Self-Injurious Behavior Clinical Trial
Official title:
Genetics of Self-injurious Behaviour
Nonsuicidal Self-Injury (NSSI) is being increasingly regarded as a separate psychiatric disorder. Since the latest Diagnostic and Statistical Manual of Mental Disorders - DSM-5 from 2013 defined NSSI as a separate diagnosis under section III - Conditions for Further Study, the knowledge about this field has increased considerably; however, the aetiology of this behaviour has still not been explained. There are many psychological explanations for the development and the continuation of NSSI. Researchers have identified the most common comorbidities (depression, borderline personality disorder, anxiety). The causes of NSSI are not known, although studies that have been carried out so far indicate both genetic and environmental factors. The research included 95 adolescents with NSSI (participants were diagnosed based on the DSM-5 criteria), an original control group consisting of 21 people without NSSI, and 118 individuals from the general population as an additional control group for genetic research.
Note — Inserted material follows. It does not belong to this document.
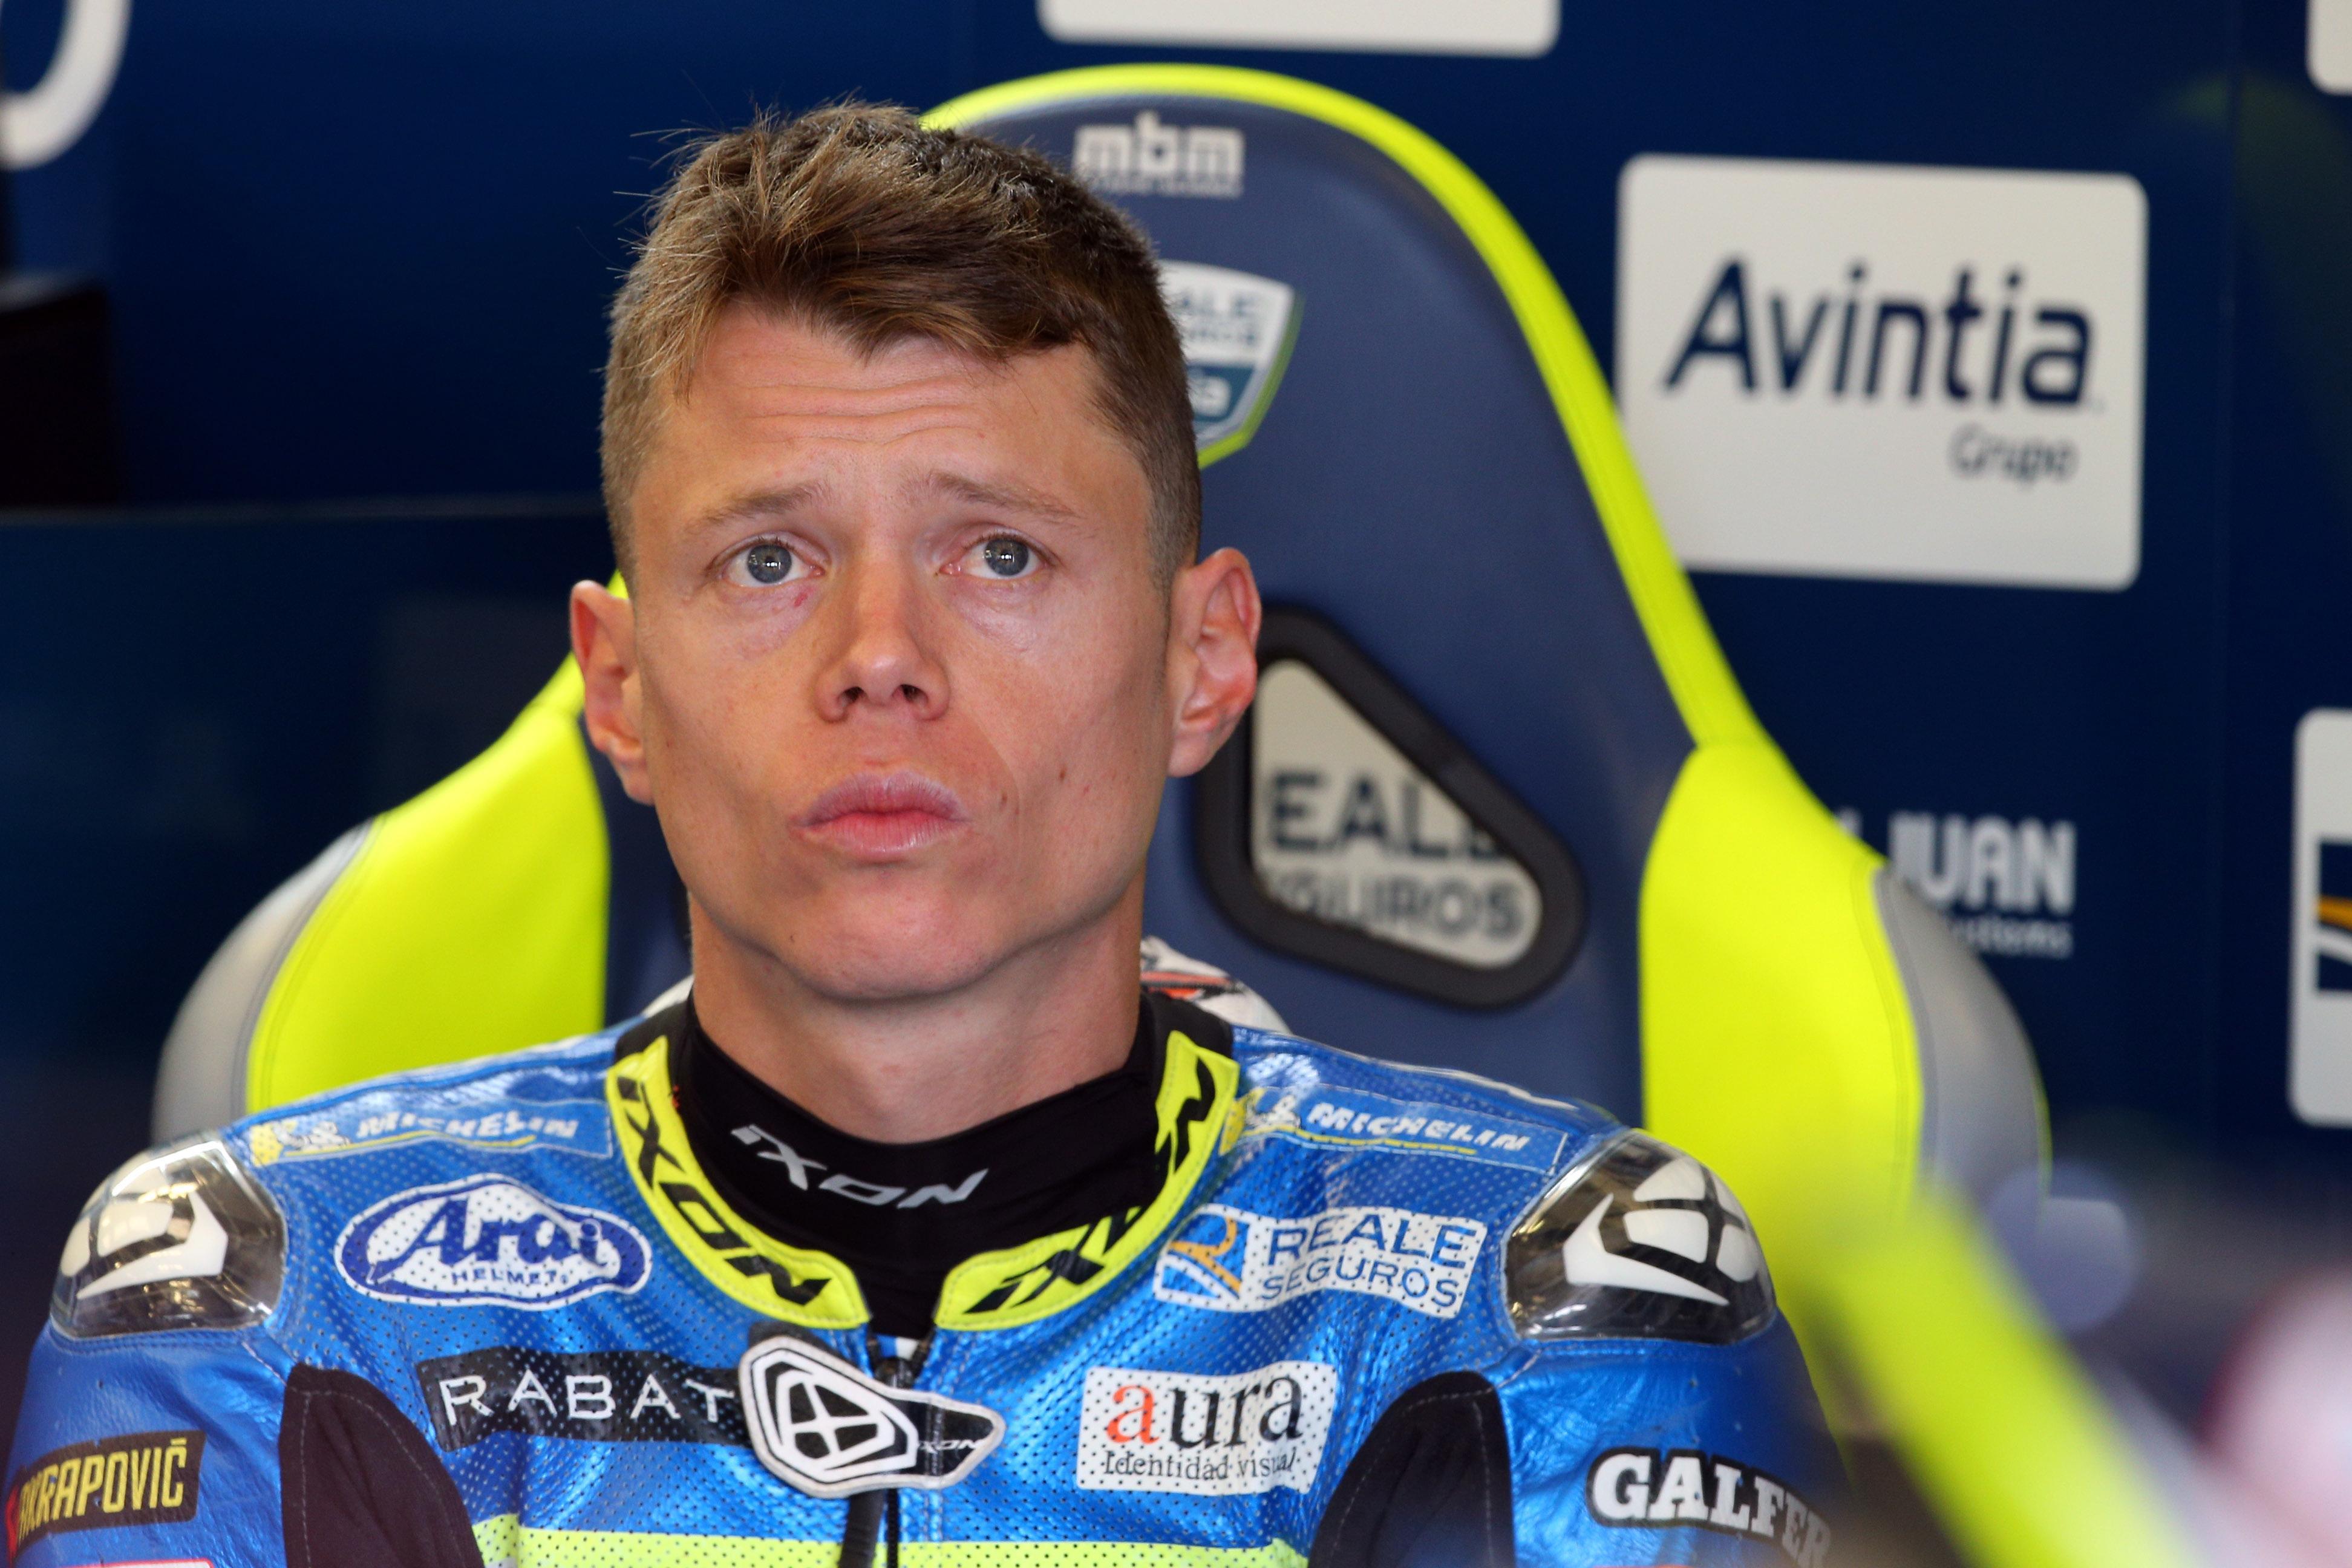 The Spaniard is into his third season in MotoGP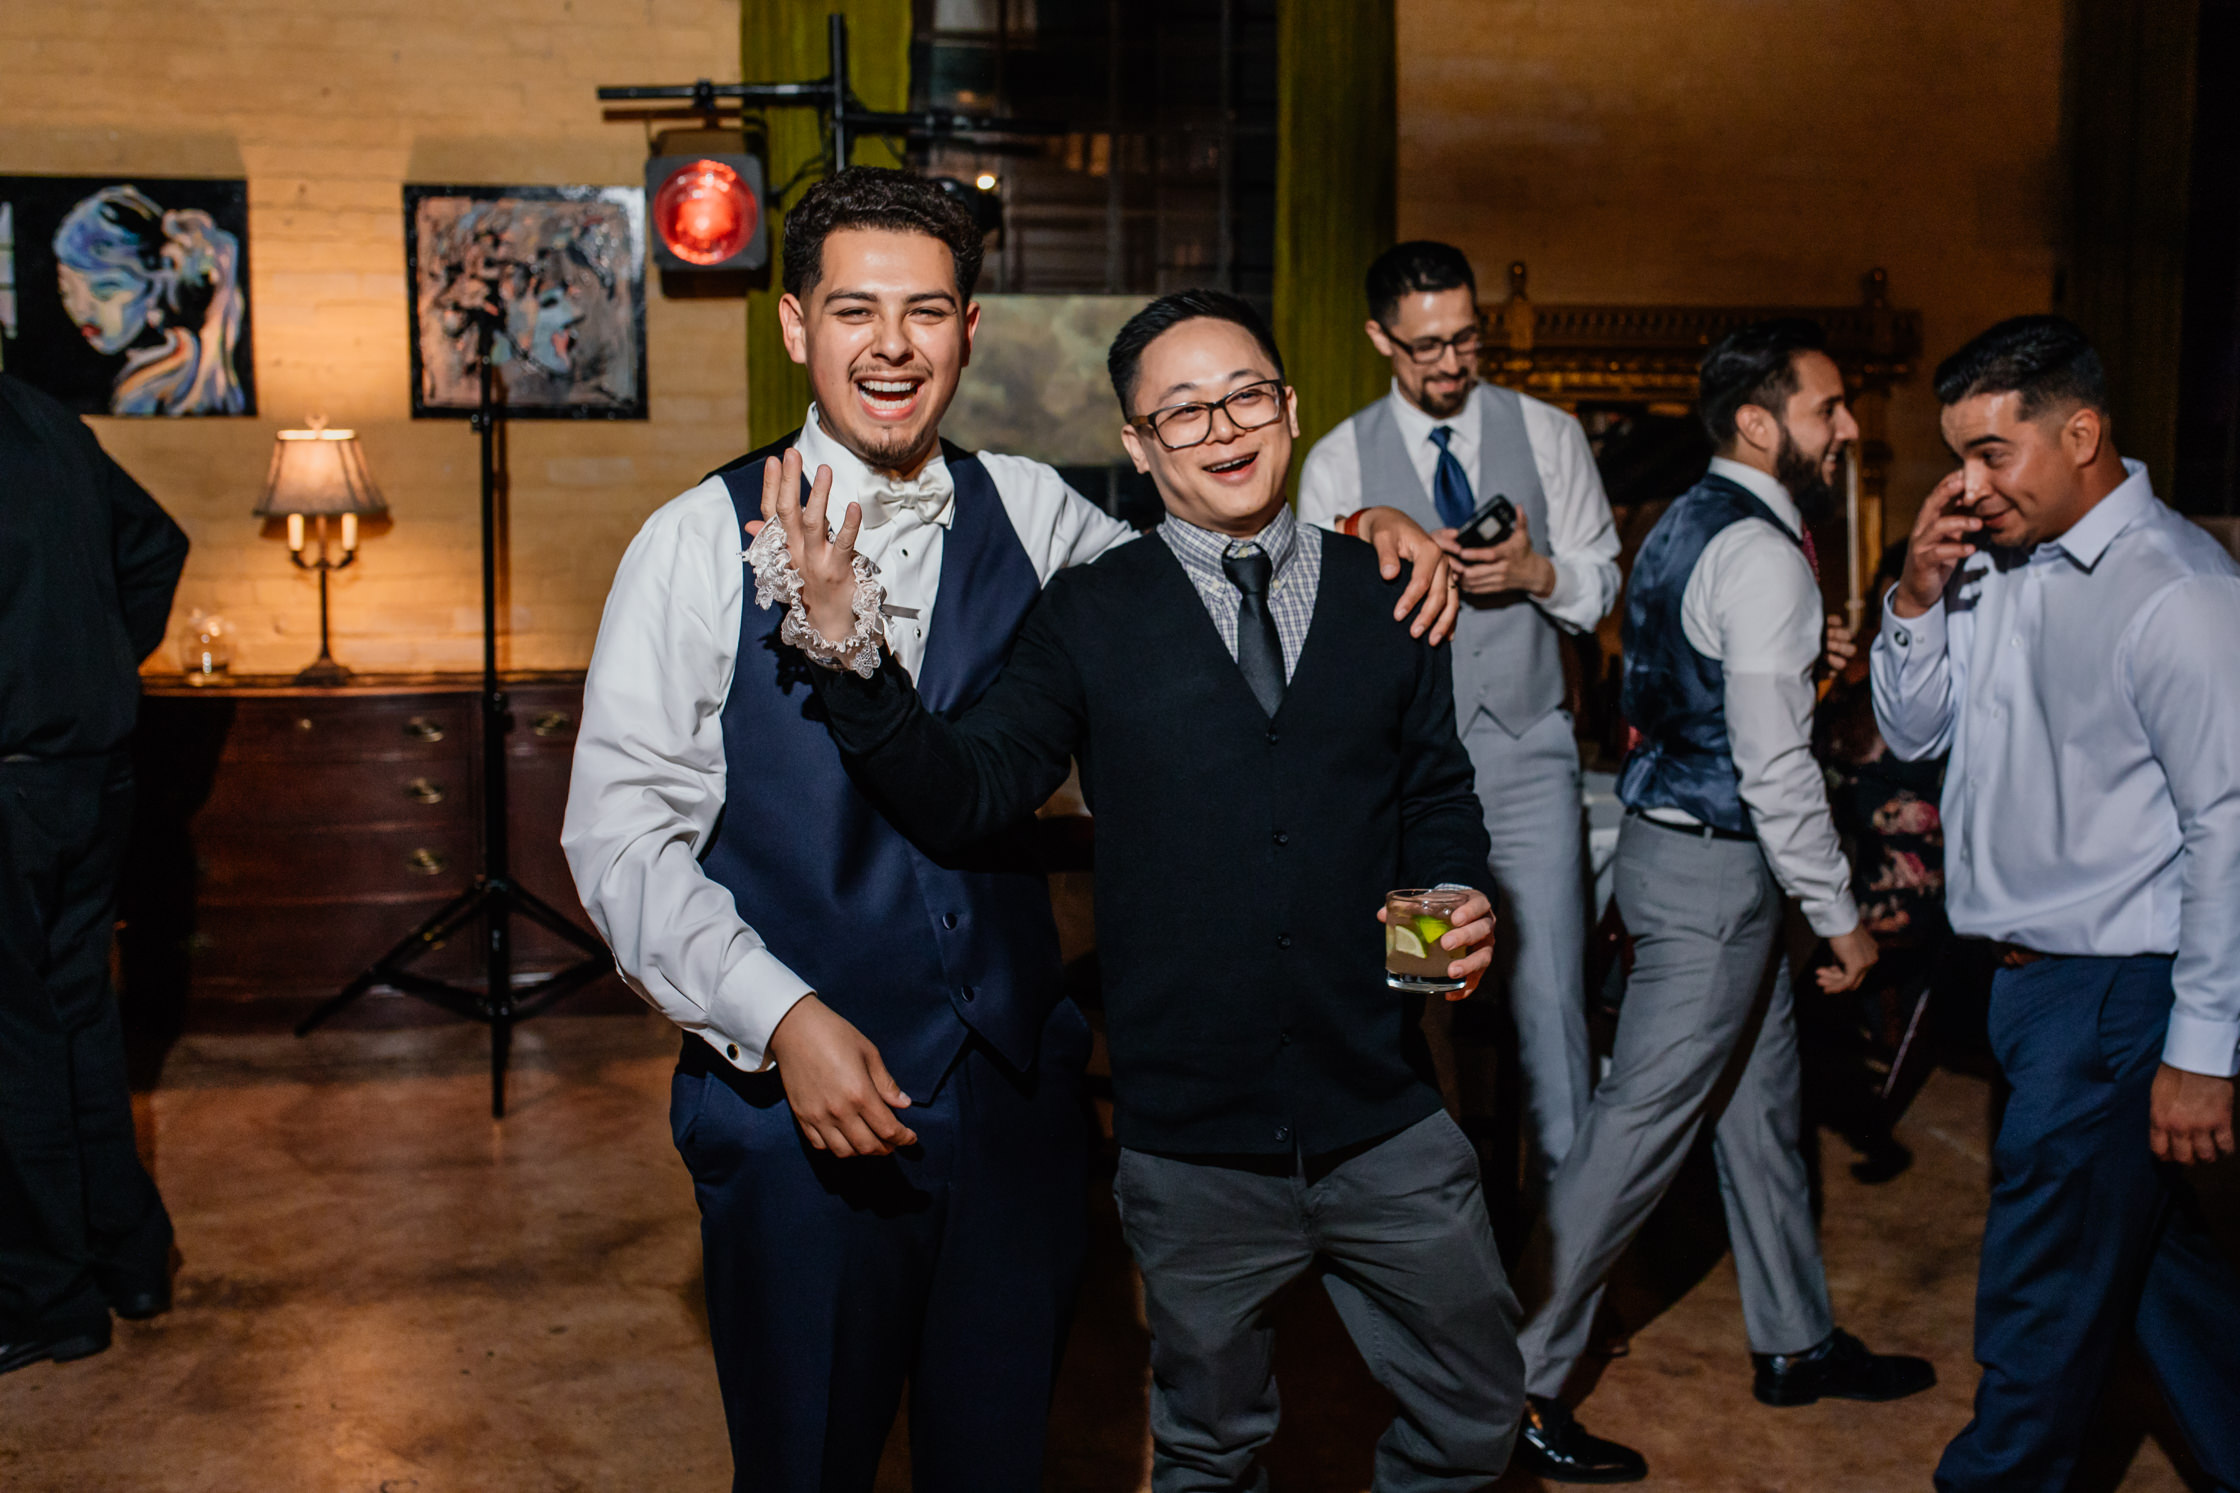 luis_joanna_wedding-129.jpg

For all participants we carried out the genotyping of polymorphisms for the TPH1 (rs4537731, rs1799913, rs7933505), SLC6A4 (VNTR STin2), OPRM1 (rs1799971), GNβ3 (rs5443) and DRD2/ANKK1 (rs1800497) genes. The participants with NSSI and the control group without NSSI completed translated questionnaires for the Barratt Impulsiveness Scale (BIS-11), State-Trait Anxiety Inventory for Adults (STAI), MacLean Screening Instrument for BPD (MSI-BPD) and the Early Trauma Inventory Self Report-Short Form (ETISR-SF). The participants with NSSI also completed the questionnaire for the Inventory of Statements about Self-Injury (ISAS), and the Self-Injury Craving Questionnaire (SICQ). The investigators carried out an association analysis and G x E analyses. The aim of the research was to carry out the first G x E study on the etiology of NSSI in Slovene adolescents. We have hypothesized that NSSI could be associated with one of the candidate polymorphisms or a combination of candidate polymorphisms. Further we have hypothesized that the genetic polymorphisms associated to NSSI are the most connected to NSSI in traumatised individuals and that NSSI is associated with higher impulsivity.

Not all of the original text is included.